Investment Case Summary
- First crystallisation of Novatti's AUDC stake puts a visible $0.80 price tag on a previously invisible asset.
- Remaining 18.5 million AUDC shares imply roughly $14.8 million of carrying value at the same mark.
- Proceeds fund non-dilutive growth in the core Payments AU/NZ acquiring business from mid July 2026.
First cash crystallisation from a four-year stablecoin incubation, with most of the upside still untouched.
Novatti Group Limited (ASX:NOV) has done something it has not done before. It has sold a slice of its AUDC stake, the stablecoin business it incubated in 2022, banking $1.2 million from an institutional shareholder at $0.80 per share.
The headline number is small. The signal underneath it is more interesting. This is the first time Novatti has crystallised any value from a business that became self-funded in January 2024 and picked up its own Australian Financial Services Licence in February 2026.
Novatti still holds 18.5 million shares in AUDC after the trade. So the company has taken some chips off the table while leaving the larger position to keep compounding alongside AUDD, the Australian dollar stablecoin AUDC issues, and the NZDC New Zealand dollar variant now being rolled out across the region.
For a small-cap payments business that has spent years patiently building this asset, the question is whether today’s trade is a useful proof point or just a modest tidy-up. We think it is closer to the former than the market is likely to give it credit for.

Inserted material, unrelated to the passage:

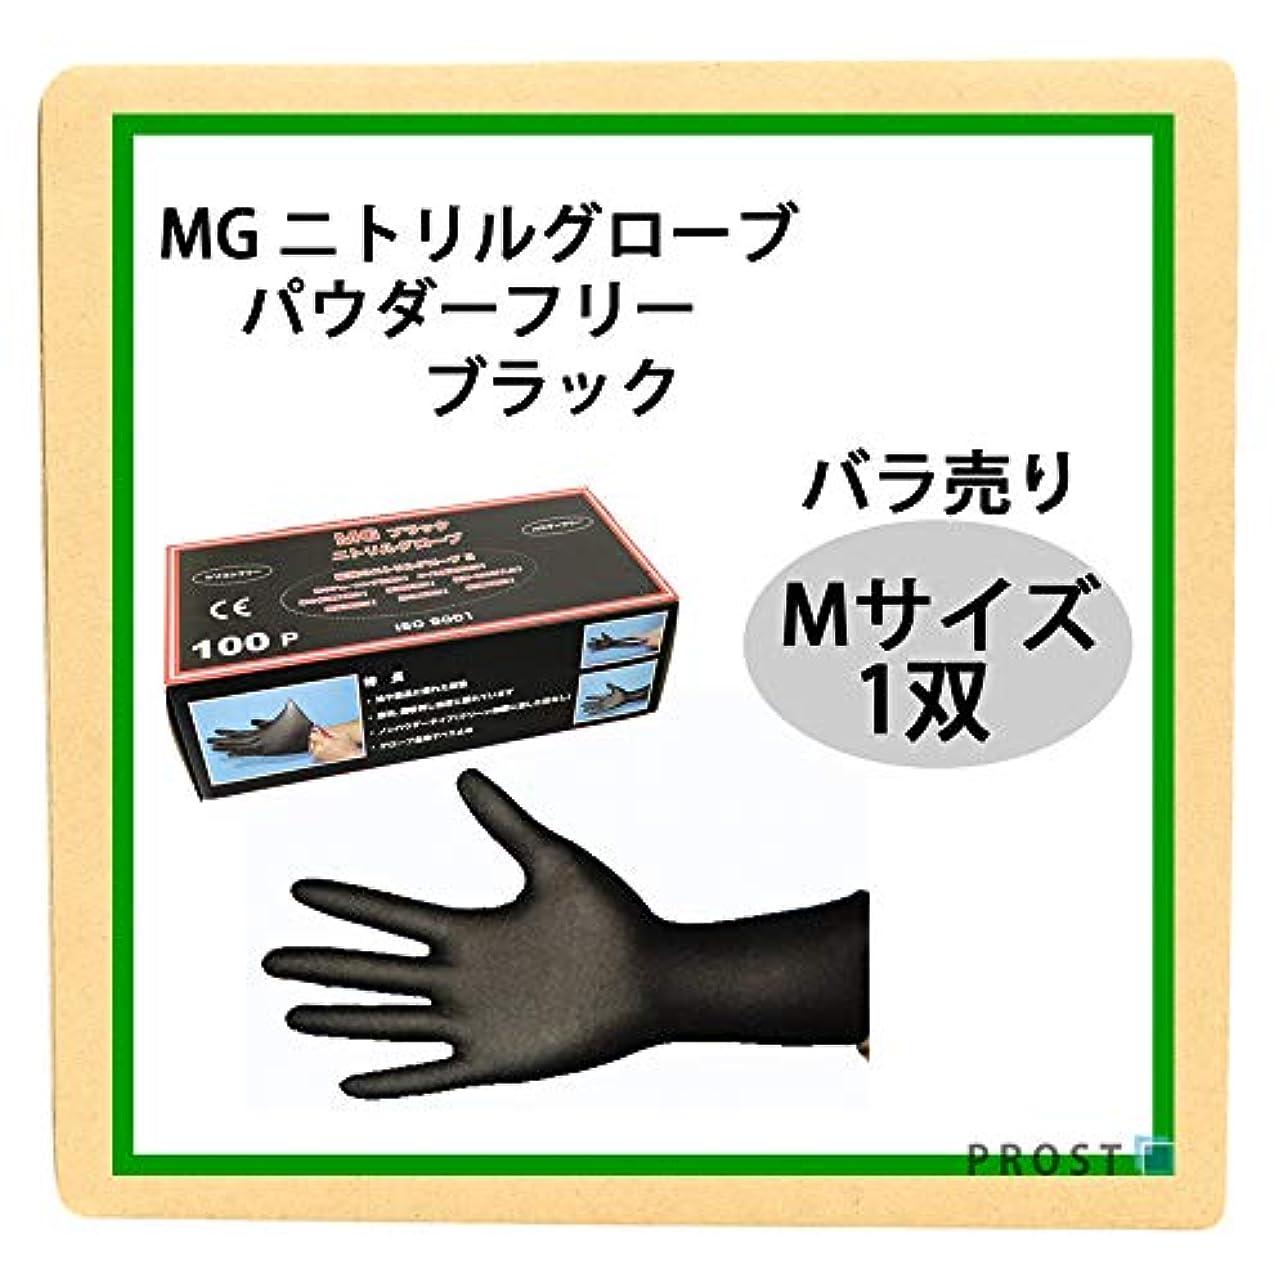 哺乳類大邸宅レイアウトMG ニトリルグローブ ブラック パウダー フリー Mサイズ 1双/ニトリル手袋 ゴム手袋 塗装 オイル ニトリルゴム

The $0.80 mark sets a reference price the market did not have yesterday
AUDC last raised capital in December 2025, a $5 million Pre-Series A at $0.80 per share. Today’s secondary trade went through at the same price. That gives Novatti’s remaining 18.5 million shares an implied value of around $14.8 million at the same mark.
That is a meaningful number relative to Novatti’s own market footprint. Until now, the AUDC stake has been a hard-to-value sleeve sitting inside a payments group that the market treats primarily on its core acquiring and digital payments earnings.
A real institutional buyer paying real cash at a known price is the cleanest validation Novatti could have given investors of the carrying value. It is not a liquidity event, but it is a price discovery event.
Why the partial sale, not the full exit, is the more telling decision
Novatti could have sold more. It chose to sell 1.5 million shares against a position of 20 million. The company is taking roughly 7.5% of its holding off the table and keeping the rest.
That is consistent with management’s framing. CEO Mark Healy described the trade as realising some value while continuing to participate in future growth. Stablecoin infrastructure in APAC is still early, and AUDC is now adding NZDC alongside AUDD as part of a regional play.
The skeptical read is that Novatti needs the cash for its Payments AU/NZ expansion and this was the path of least resistance. The more constructive read is that the company is treating AUDC as a long-duration asset and only monetising at the margin. Both can be true.
Where the $1.2 million actually goes inside Novatti
The proceeds settle in mid July 2026 and are earmarked for the Payments AU/NZ business, specifically acquiring and digital payments expansion. That is the operating engine of the group, not the speculative wing.
$1.2 million on its own is not transformational working capital. But it is non-dilutive, it does not touch debt facilities, and it funds growth in the segment that actually drives Novatti’s reported revenue. For a small-cap, that distinction matters.
It also sets a template. If AUDC continues to scale and future secondary trades clear at higher marks, Novatti has shown it is willing to recycle small parcels into the core business without giving up the strategic exposure.
The Investors Takeaway for Novatti Group
The thing to watch from here is whether AUDC’s next funding round, if and when it happens, clears above the $0.80 mark. That is the variable that turns today’s small trade into a recurring re-rating signal for the parent.
We think the more interesting question over the next 12 months is whether the integrated payments collaboration between Novatti and AUDC starts to show up as a discernible revenue line. Stablecoin rails embedded inside a regulated payments business is the kind of structural story the market tends to undervalue until it produces a number.
Investors who want broader context on ASX-listed payments and digital finance names can find more coverage at stocksdownunder. For now, the cleanest takeaway is that Novatti has put a visible price on a previously invisible asset, and kept most of it.